You might be wondering a few things. “Am I really going to have the time or patience to read this?” or “What’s the point of another music blog?” … “Where am I?”

In order; I‘m not sure, research suggests people barely read a lot of what they see online. I do hope you stick around, though.

The point is to shed light on the less-exposed features of music — what inspired the artists creating it, what might have been going through their head, and other interesting facts that contribute, holistically, to the whole atmosphere around a track that can become the stuff of legend. To have a central outlet for these stories, music recommendations, discussions, and celebration to call home.

Finally, you are here! Think about that for a second. Thank you for taking the time to read, and welcome to the blog.

So, why me? Why now?

I’ve always been fascinated with the backstories of music I enjoy, and I credit my father for a lot of this. From a young age, I remember sharing his appreciation for this sort of music trivia, and began to revel in it. Like him, I wanted to be that guy who could play a song for someone and be able to back it up with a story; something about where the band was when they recorded it, or why the singer’s voice sounded that way, etc. Music is storytelling, and understanding the context is crucial to a full appreciation of all stories.

Our bookshelves growing up were filled with old rock n’ roll biographies, which my dad read voraciously (I know what you’re thinking, and yes, I promise to limit big, pompous words in this blog. Honest.) From “Exile on Main Street” about the Rolling Stones, or “No One Here Gets Out Alive” about Jim Morrison and The Doors, to the straight-to-the-point “Led Zeppelin Uncut”, there was no shortage of backstories to the music that shaped my father’s youth just as they did mine. This was part of my ‘rock n’ roll education’, in his words.

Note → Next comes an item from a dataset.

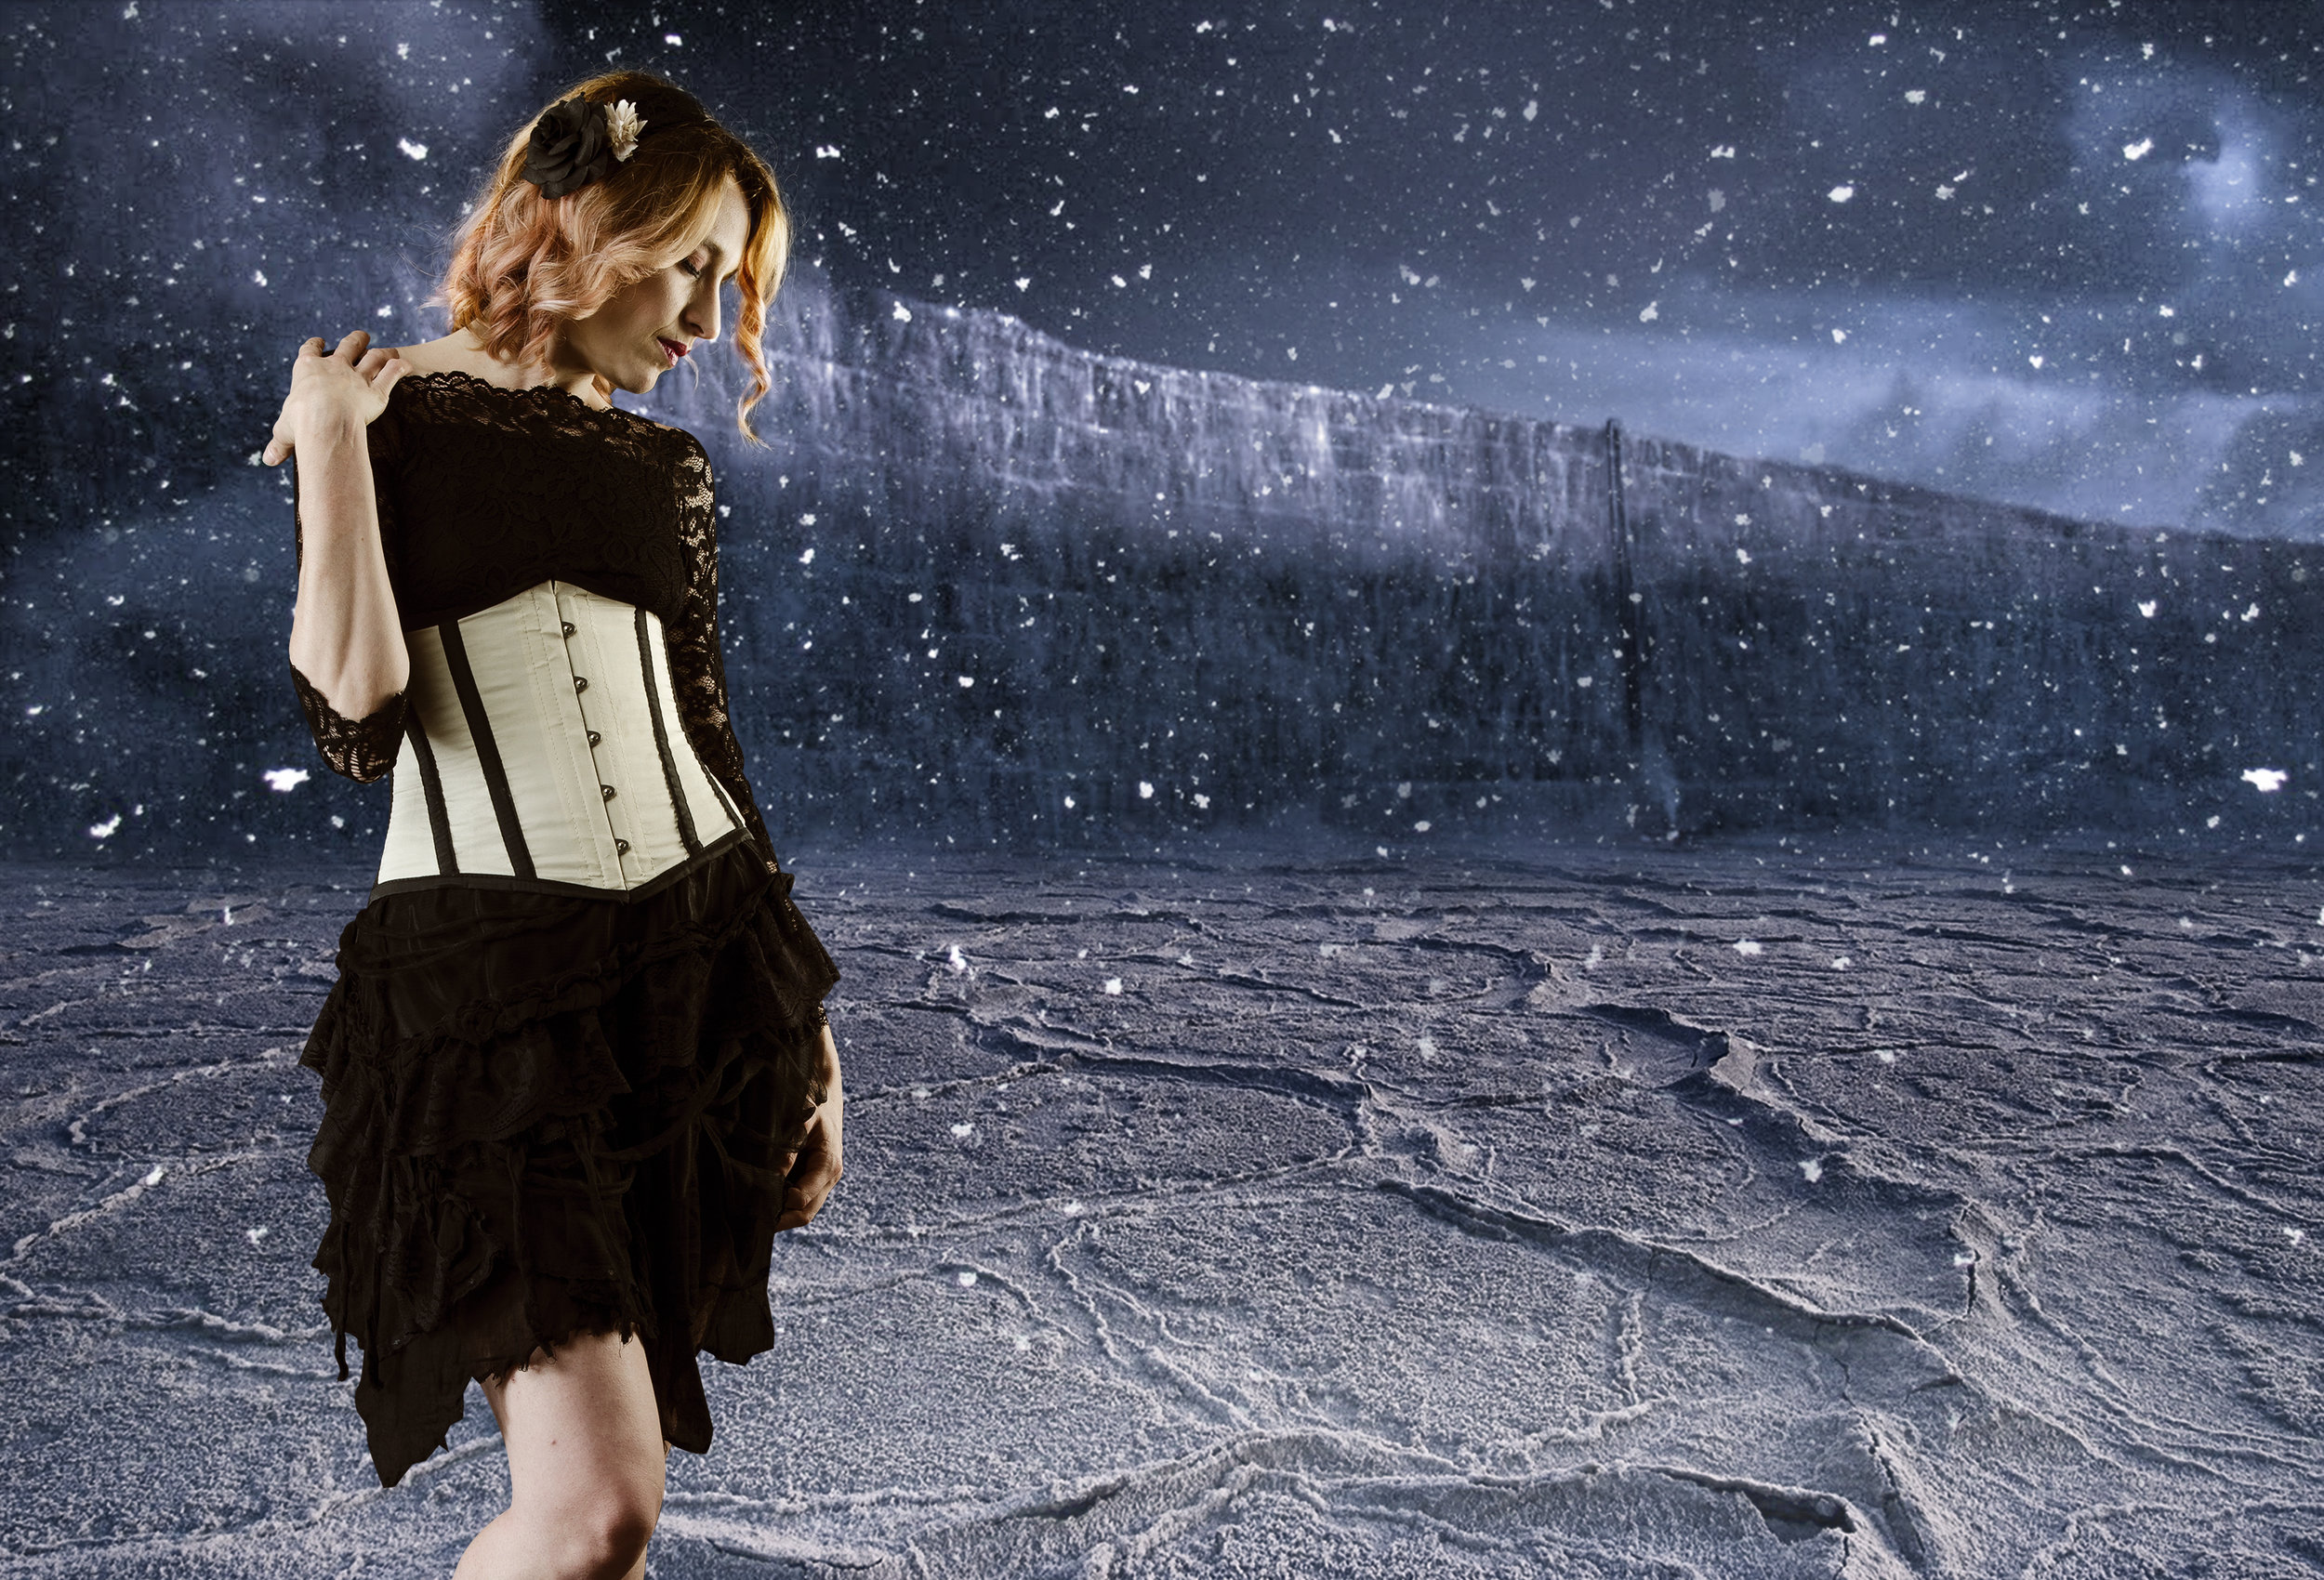 foto cosplay book artwork fantasy fotografo grafico

From this classic rock foundation — The Beatles, The Who, Led Zeppelin, The Doors, Jimi Hendrix and others — my curriculum expanded. Tastes evolved as I grew up to include harder rock, metal, punk, grunge, alternative and more experimental stuff — Van Halen, Black Sabbath, Ozzy, ELO, Yes, Emerson Lake & Palmer, Genesis, Nirvana, Alice in Chains, Radiohead, Linkin Park, System of a Down, Metallica, David Bowie, Third Eye Blind, Rise Against, Avenged Sevenfold, and so many others.

Throughout my teen years and time in college, I grew to appreciate all kinds of other music; a brief screamo phase in High School, then pop-punk, discovering hip-hop, finding my love for electronic music through Daft Punk’s ‘Alive 2007’ record, listening to Mozart while studying in school because I thought it might give me an edge, even learning to tolerate country.